Having experienced hardship, social change, cultural adaptive challenges and having faced death, I have come to recognize fear and the masks behind which fear conceals itself- namely, anger and hatred.

It seems we humans are afraid of our own fears!  If we admit to being afraid, we must admit to feeling insecure, wrongly concluding we are weak, helpless, impotent.  Nothing could be further from the truth!  Recognizing our fears and insecurities allows us to OWN them.  Only by looking inside and being honest with ourselves can we hope to accurately define our issues, address them and thus create a solution.  Isn’t this form of rational thought better than the practice of rationalization?!!!  For that’s what we choose when we cling tightly to our masks of anger and hatred.  But from whom or what would we be hiding?  Obviously, OURSELVES.

Yet this is the course chosen by white supremacists and xenophobes of all stripes.  It is chosen not out of stupidity but out of willful ignorance. It is chosen because of intellectual laziness: a refusal to examine and challenge one’s own moral and cultural teachings; to think for oneself.

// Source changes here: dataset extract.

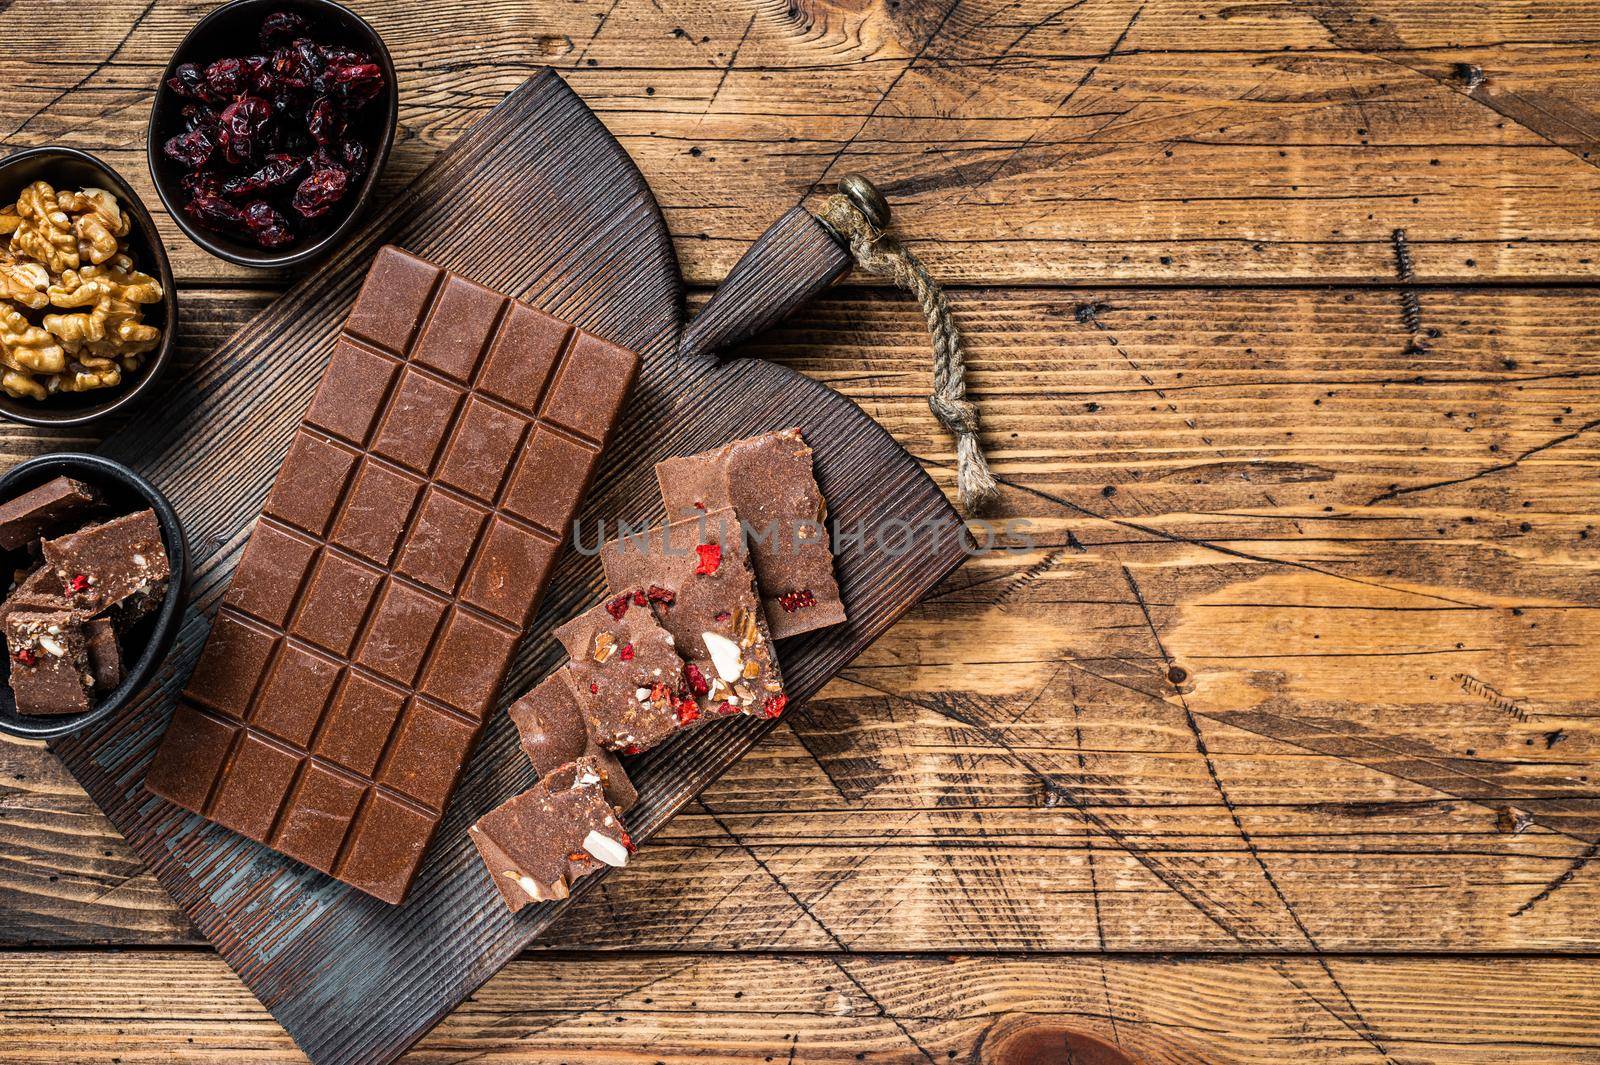 Dark chocolate bar with hazelnuts, peanuts, cranberries and freeze dried raspberries on a wooden board. wooden background. Top view. Copy space.

Choosing to mask instead of admit our fears leads to more fear, and a firmer grasp on our mask, so we can hide from our own truth.  Rationalization perpetuates the need for more rationalization.  Scapegoating is the inevitable result.  If we refuse to be introspective, to look inside ourselves and examine our thoughts and feelings, we will be tempted to blame others, life circumstances- or any handy target- for the problems we perceive in our lives.  A false sense of righteousness evolves, and those who choose to mask their fears instead of rationally dealing with them begin to tell themselves that “the ends justify the means,”  Those means often conflict with their own religious and moral beliefs.  But they won’t recognize what they have done.  Rationalization once again comes to the rescue, spiraling their lives down like shit flushed down a toilet bowl.

But the toilet bowl is getting clogged and the shit is flooding back on all of us!  THAT’S WHY I’M AFRAID!  I hope you are too.  And I also hope we can admit our own fears and deal with truth and reality so our lovely home, Planet Earth,  will not become a sewer.

Dedicated to the people of New Zealand who have suffered the tragedy of losing friends and loved ones to an act of hatred directed at Muslims praying in their Mosque.  May you find peace and know your tears are shared by all humanity.  May your lives be enlightened by forgiveness of those who refuse to see.

Please read my blog With A Prayer, published 9/24/2017


Frank Meeink, author of “Autobiography of a Former Skinhead”  was just interviewed on CNN (3/16/19 at 08:15).  He responded to questions by Christi Paul saying fear is at the core of hate groups. Ignorance and laziness, he claimed, were part of the equation, along with a desire to prove  one’s masculinity.   He further said he left his group after having been befriended by men of different races and religions.  We must counter hate groups by addressing their ignorance, he believes; hate against them only empowers them.